ASSESSMENT OF GENETIC EROSION IN FUNCTIONAL DIVERSITY IN BRASSICA GERMPLASM COLLECTIONS
2009 Annual Report
1a.Objectives (from AD-416)
The objectives of this cooperative research agreement are to:.
1)validate a set of polymorphic markers (SSR or SNPs) located around candidate genes or gene networks important in adaptive differentiation; and.
2)assess variation in these loci across inventories of diverse Brassica accessions.
1b.Approach (from AD-416)
The first part of the project makes use of the extensive genomic annotation in Arabidopsis thaliana and looks for homologous loci within Brassica species. These objectives dovetail with ongoing work that includes identifying key functional loci and assessing allelic variation at these loci in progeny of crosses phenotyped in controlled environment. We will begin development of genotyping approaches at these loci in a wider pool of accession that have undergone multiple rounds of regeneration.
We have initiated a number of studies with Brassica. Our main focus has been finding the Brassica genomic regions homologous to Arabidopsis WUE QTL by utilizing the synteny across genera between Arabidopsis and Brassica and taking advantage of data from the B. rapa genome, which is currently being sequenced. For 10 Arabidopsis QTL we have indentified homologous regions in Brassica, using available synteny maps to localize Arabidopsis QTL to genomic regions of Brassica napus.
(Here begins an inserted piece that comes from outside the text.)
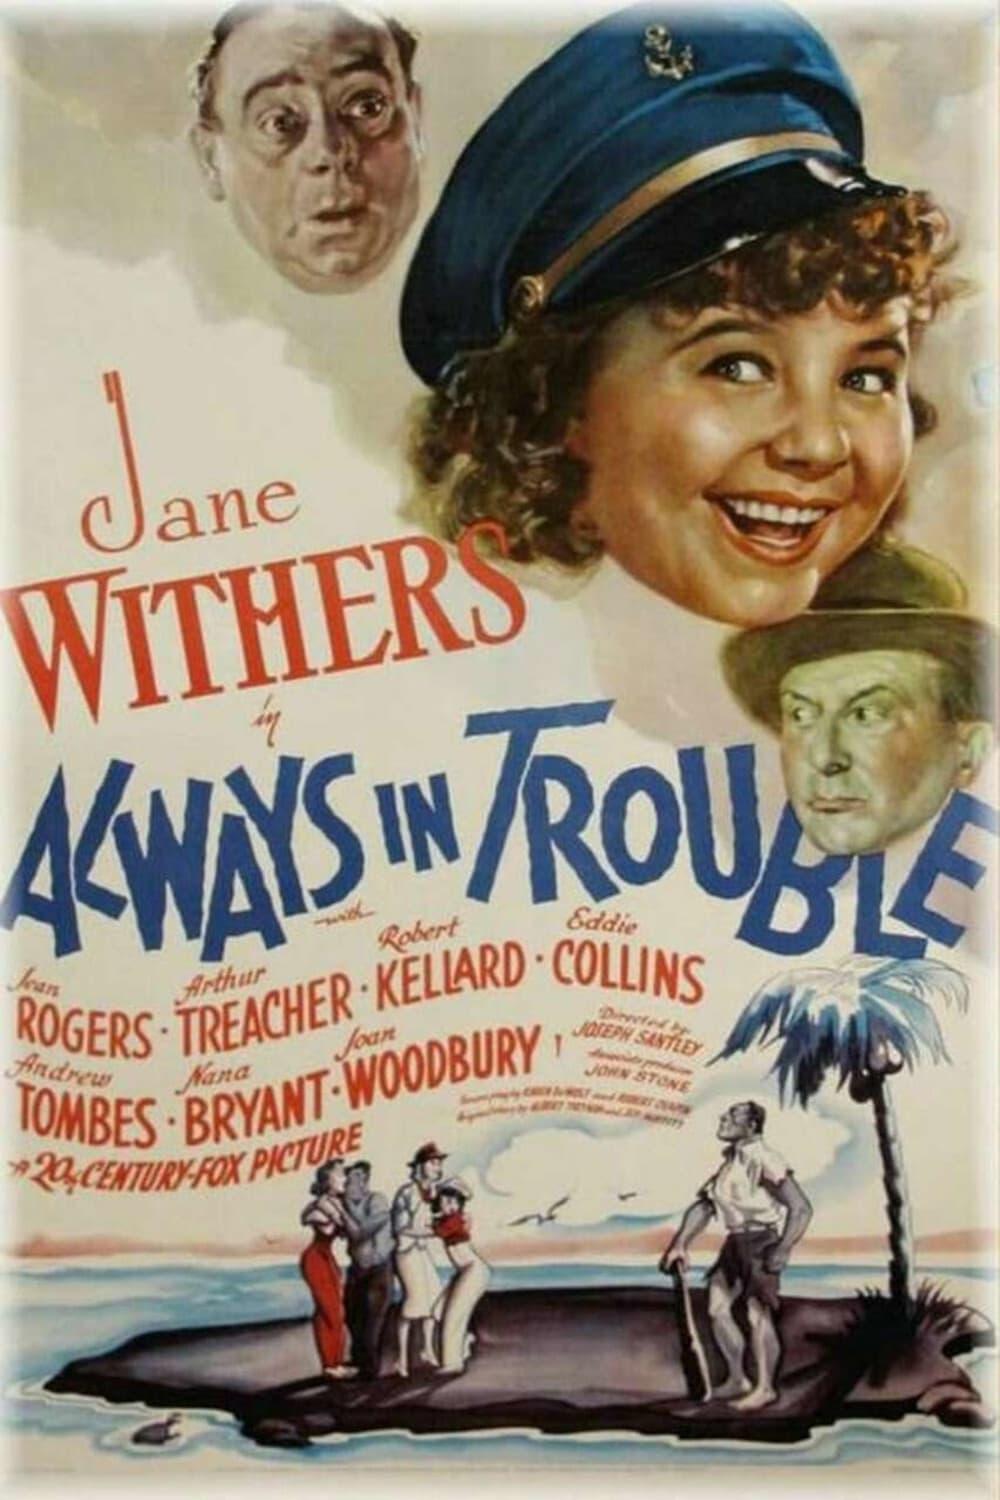 Always in Trouble poster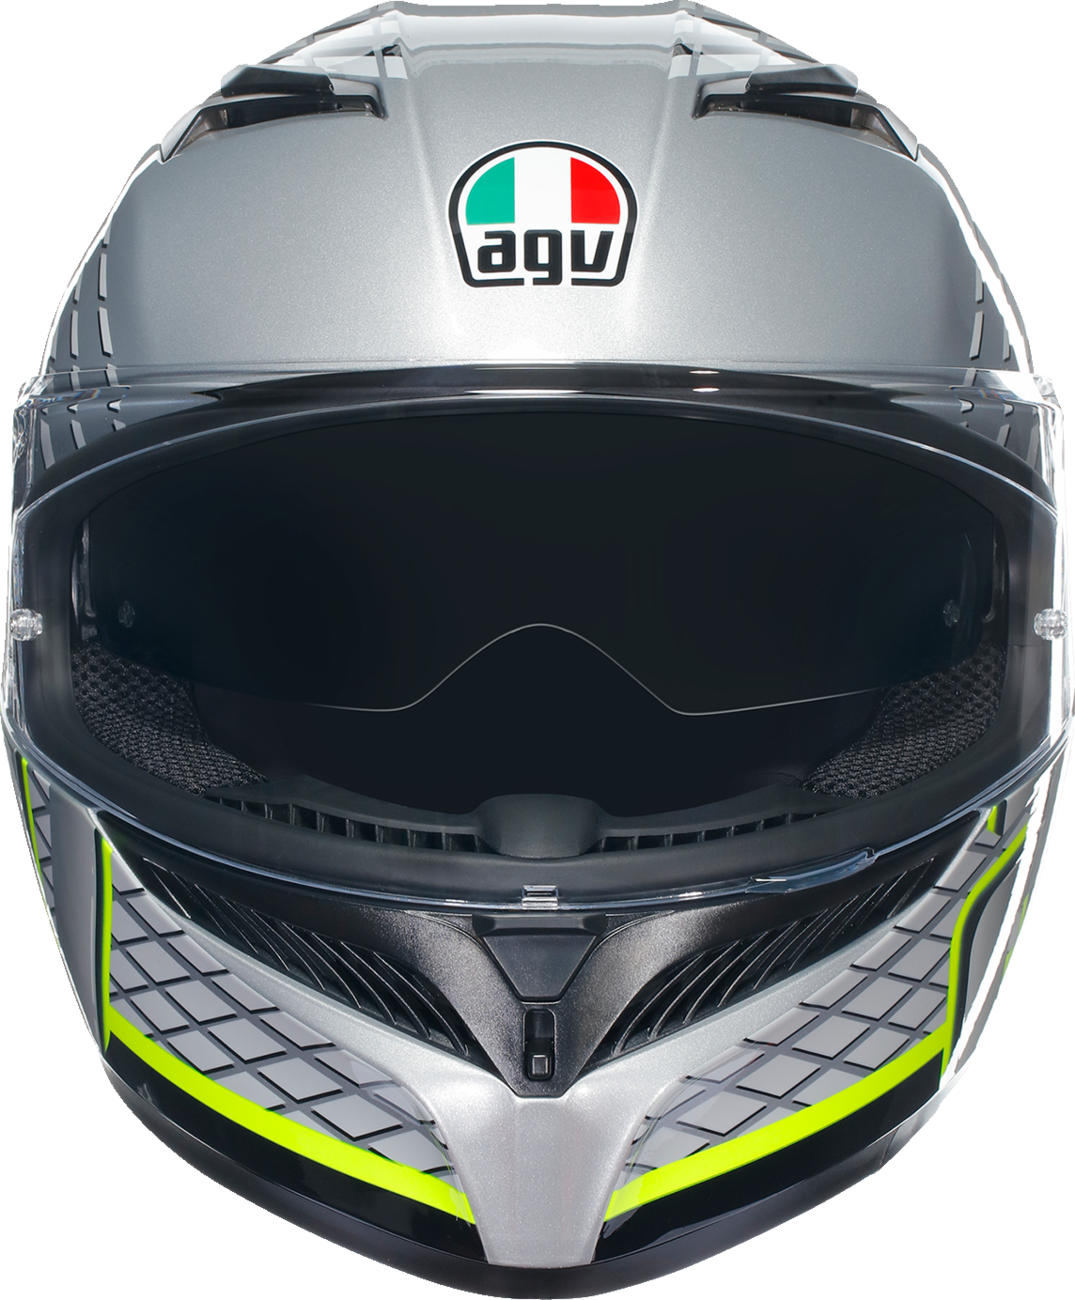 AGV K3 Helmet - Fortify - Gray/Black/Yellow Fluo - Large 2118381004011L

To date we have focused on regions with the fewest number of copies, ones that exist only 2 to 4 times in B. napus. The goal is to find several low copy sets of regions that will be used in further experiments. We have genotyped these regions of interest using 4 varieties of B. rapa and 19 lines of B. napus, representing both spring and winter varieties. SSR markers are being used to identify polymorphisms associated with the regions of interest. Thus far, we are genotyping 8 locations in the Brassica genome using 20 markers. Several markers have revealed polymorphisms among the varieties that we have tested. Based on these results we will be able to utilize available mapping populations to segregate different locations and examine the functional importance of these different regions for drought tolerance, water-use efficiency, and yield.